The forest is not a neutral place in Slavic tradition. It is where things are lost, where things hide, where the boundary between the human world and something older grows thin. Wrocław’s GOZD — the word means “forest” in several South Slavic languages — clearly understand this, and Trees Are Silent, their third album, draws on this mythological weight without ever becoming heavy-handed about it.
This is instrumental post-metal that earns the “atmospheric” tag through patience rather than bombast. GOZD aren’t in a hurry. The album opens slowly, layers building like fog between trees, and tracks like “Rusalka” — named for the water spirits of Slavic folklore — carry that mythic weight in pure sound, no lyrics needed. The absence of vocals is itself a compositional choice: the music speaks in texture and density, not words.
There are moments of genuine heaviness here. “Abiogenesis” leans into its riffs with conviction, the guitar buried in distortion while the rhythm section holds everything down with the kind of low-end gravity that you feel before you hear it. But the record breathes too — “Ekoton” opens up, the drive loosening into something more contemplative, and the contrast between these modes is what gives the album its structure and staying power.

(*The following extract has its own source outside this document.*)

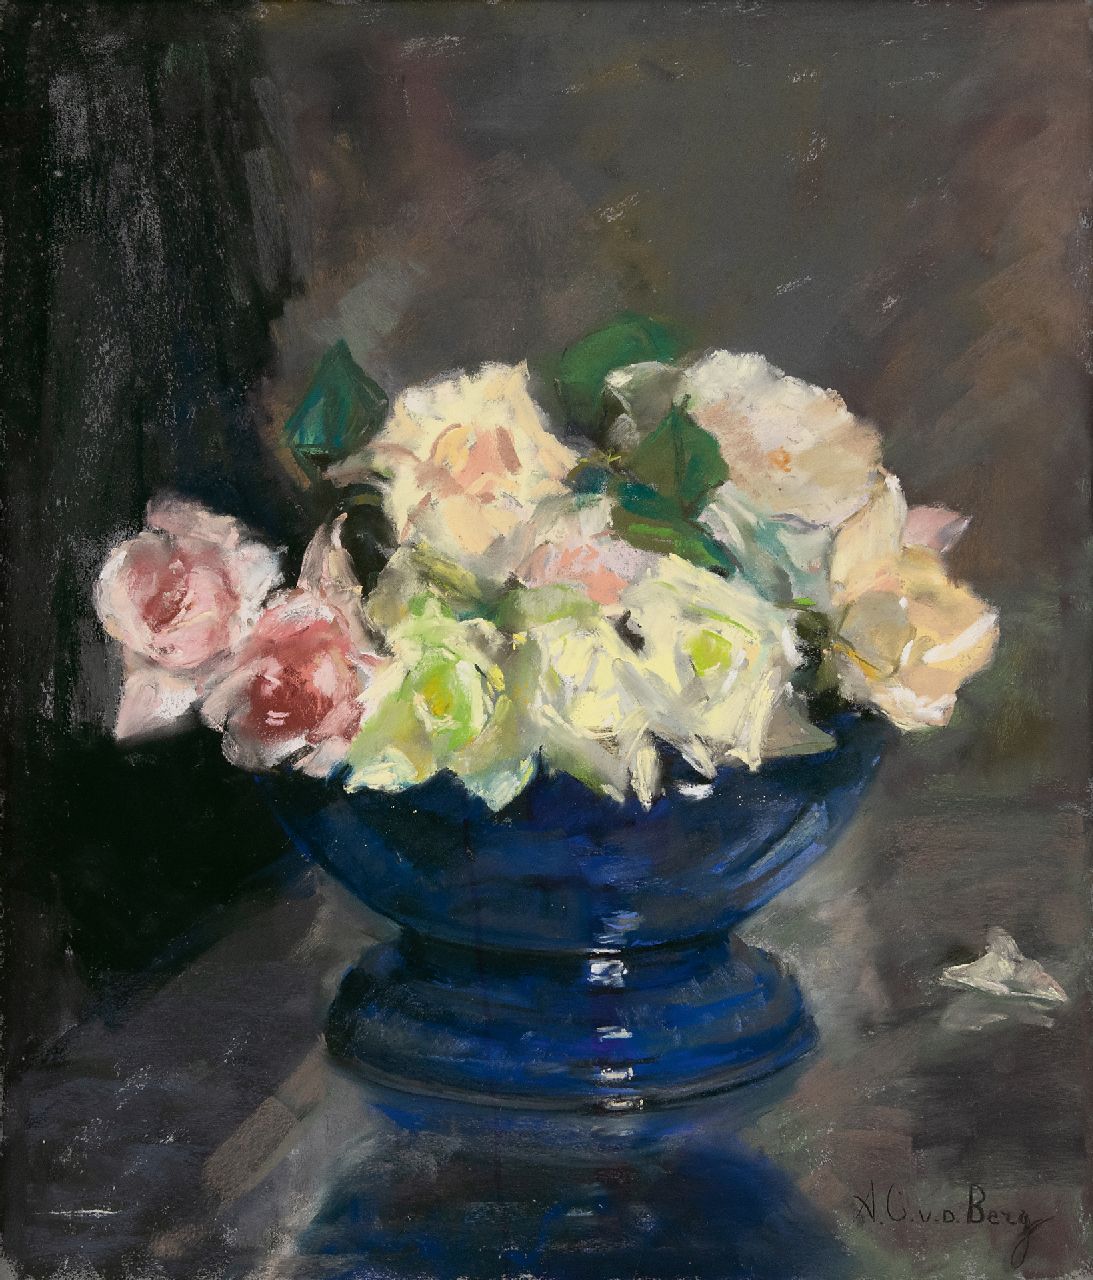 Berg A.C. van den | Anna Carolina 'Ans' van den Berg | Aquarellen en tekeningen te koop aangeboden | Blauw schaaltje met rozen, pastel op papier 43,0 x 37,0 cm, gesigneerd rechtsonder

The record shifts gears across its runtime: “Birch” drives hard — the kind of tempo that keeps the pressure on without going full sprint, while “Ekoton” locks into a steady groove — mid-paced, head-nodding, nothing rushed — the contrast keeps it from feeling like one long undifferentiated push. Tonally there’s more range than the genre usually allows: the guitar work sits deep in the distortion — riffs are felt as much as heard, individual notes dissolving into a dense, saturated mass, whereas the guitar work is cleaner than you might expect — the drive is there but the notes breathe, which gives the record more definition than most in the genre. The bass weight is a constant throughout — a heavy foundation that keeps everything anchored and gives the record its physical quality. The mix is sealed tight — almost no shimmer or air in the upper register, which gives everything that suffocating, close-quarters density.
Standout tracks: Axis Mundi, Rusalka, The Oath Taken Beneath The Oak Tree
Trees Are Silent is a record that rewards the kind of listening you do alone, late, with headphones on. It’s not asking for your attention so much as your presence. GOZD have made something genuinely immersive here — unhurried, heavy when it needs to be, and suffused with the kind of atmosphere that lingers well after the last note fades.